### Problem statement:
Excluding pictures, retype the line with "Gustav Klimt, Danae" and each line that follows it to the end of the data below, word for word.

### Given material:

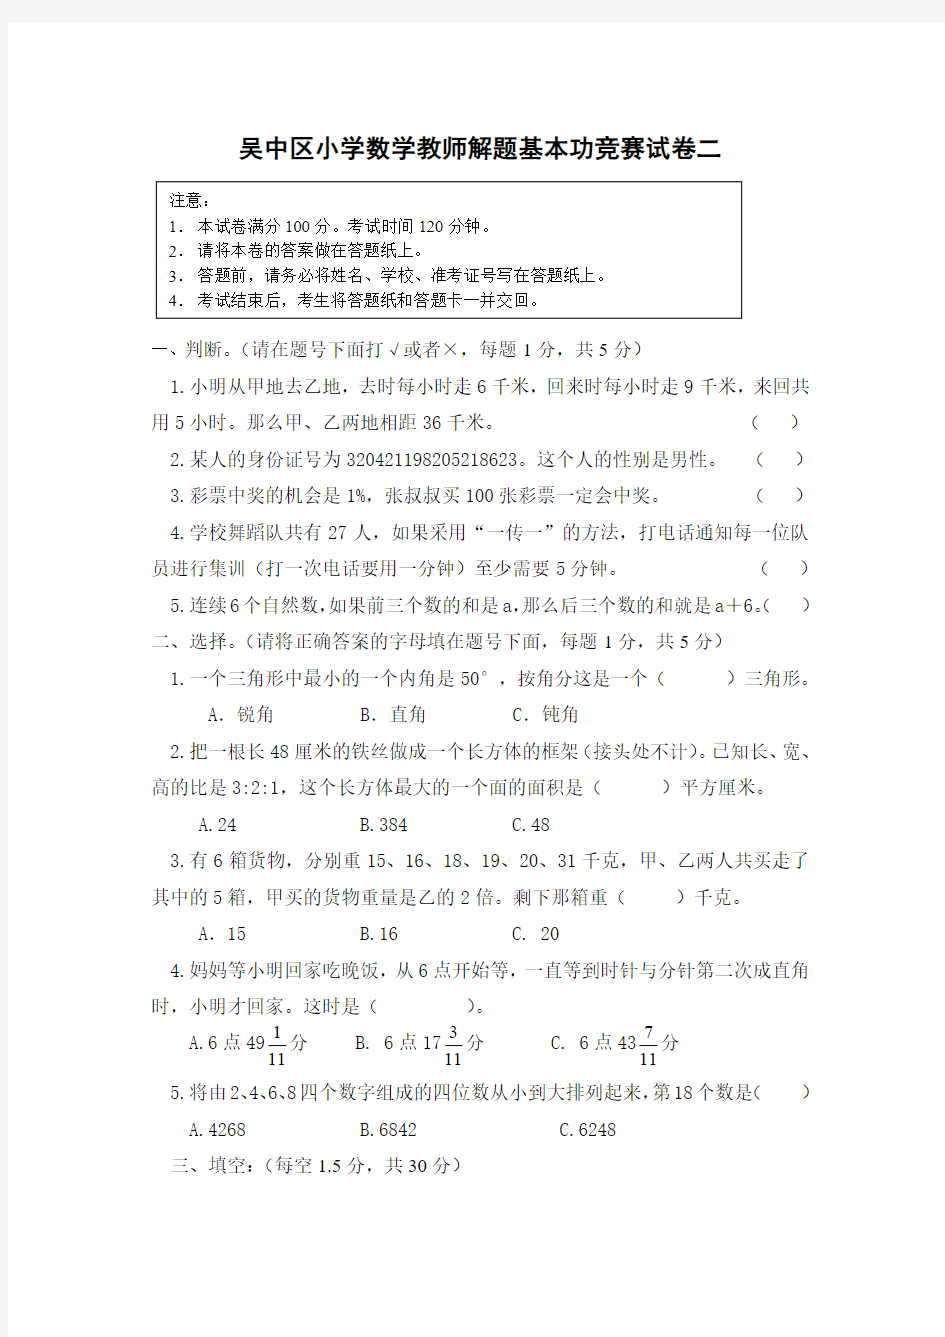 9吴中区小学数学教师解题基本功竞赛试卷二及答案
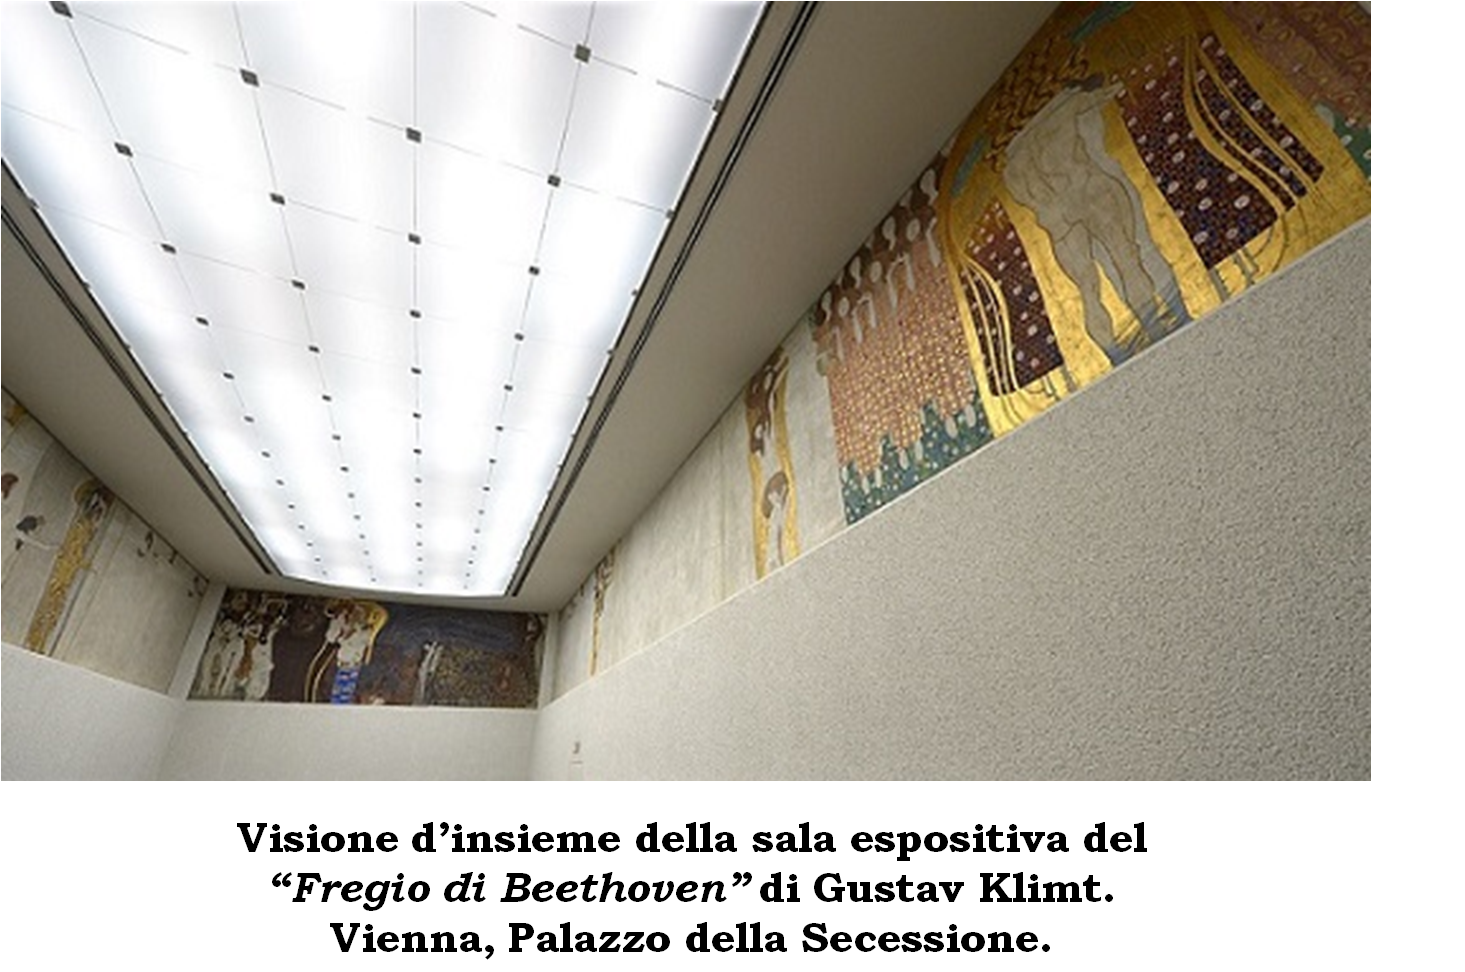 Gustav Klimt, Danae e Il bacio: analisi e spiegazione
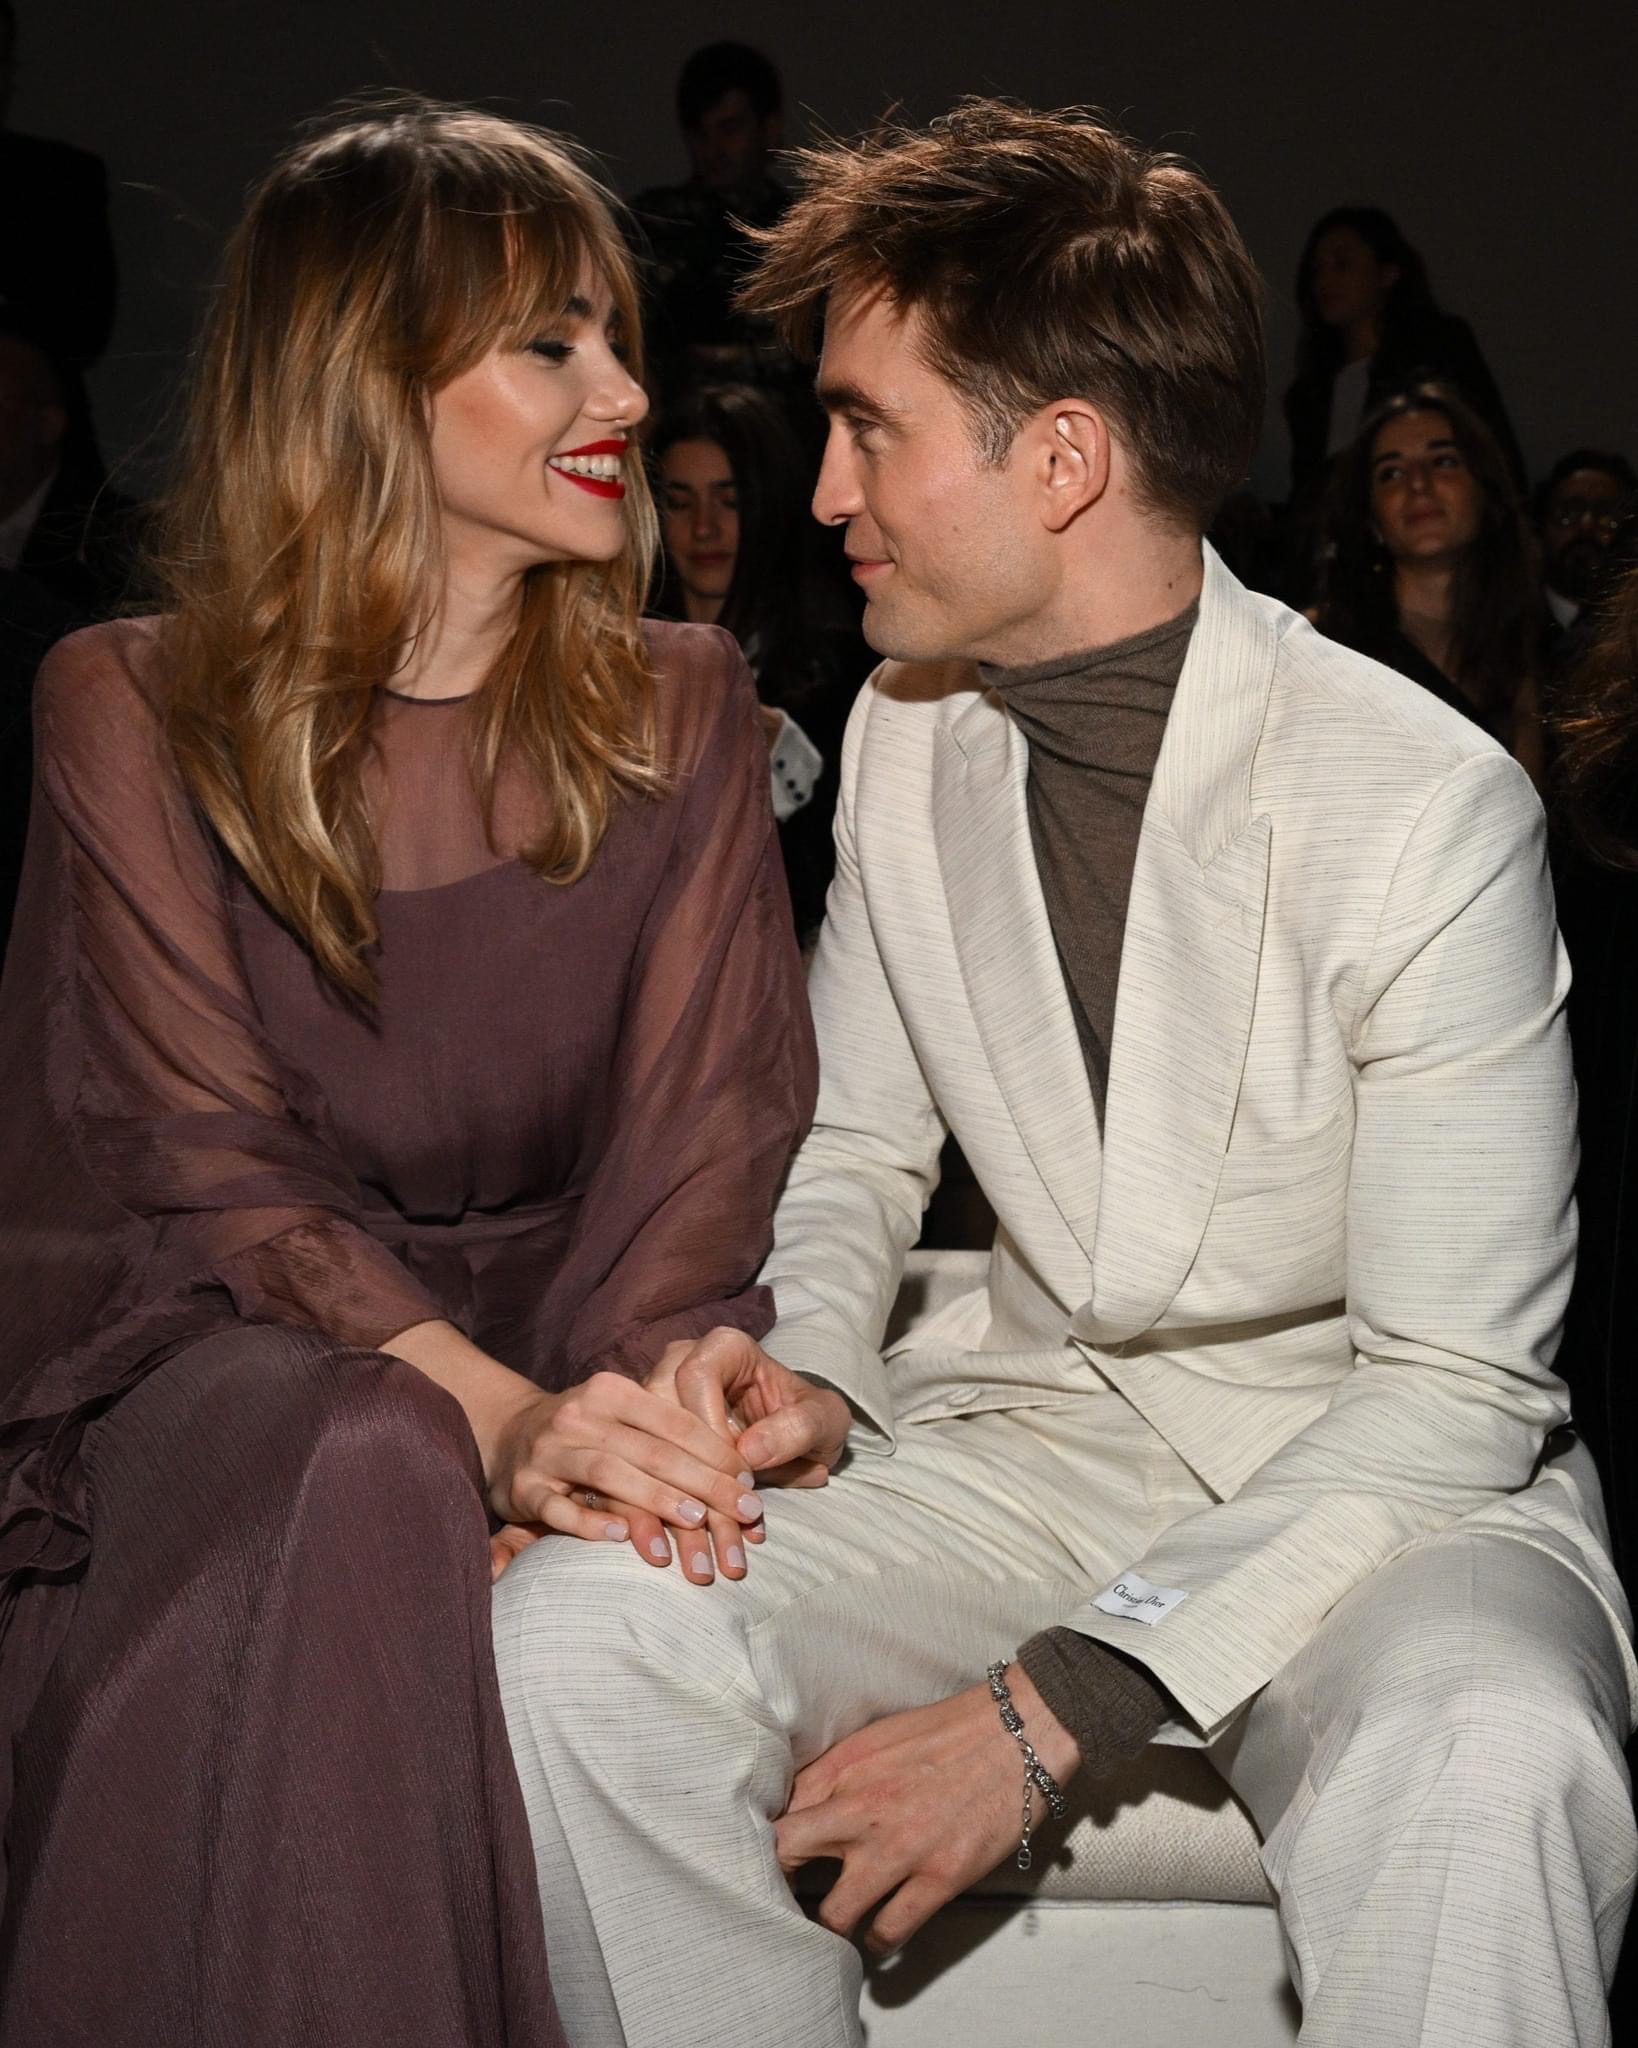 Ma cà rồng Robert Pattinson và bạn gái người mẫu lần đầu công khai lộ diện sau 4 năm yêu, visual cả đôi gây xôn xao - Ảnh 3.

### Answer to the problem:
 Gustav Klimt, Danae e Il bacio: analisi e spiegazione
 Ma cà rồng Robert Pattinson và bạn gái người mẫu lần đầu công khai lộ diện sau 4 năm yêu, visual cả đôi gây xôn xao - Ảnh 3.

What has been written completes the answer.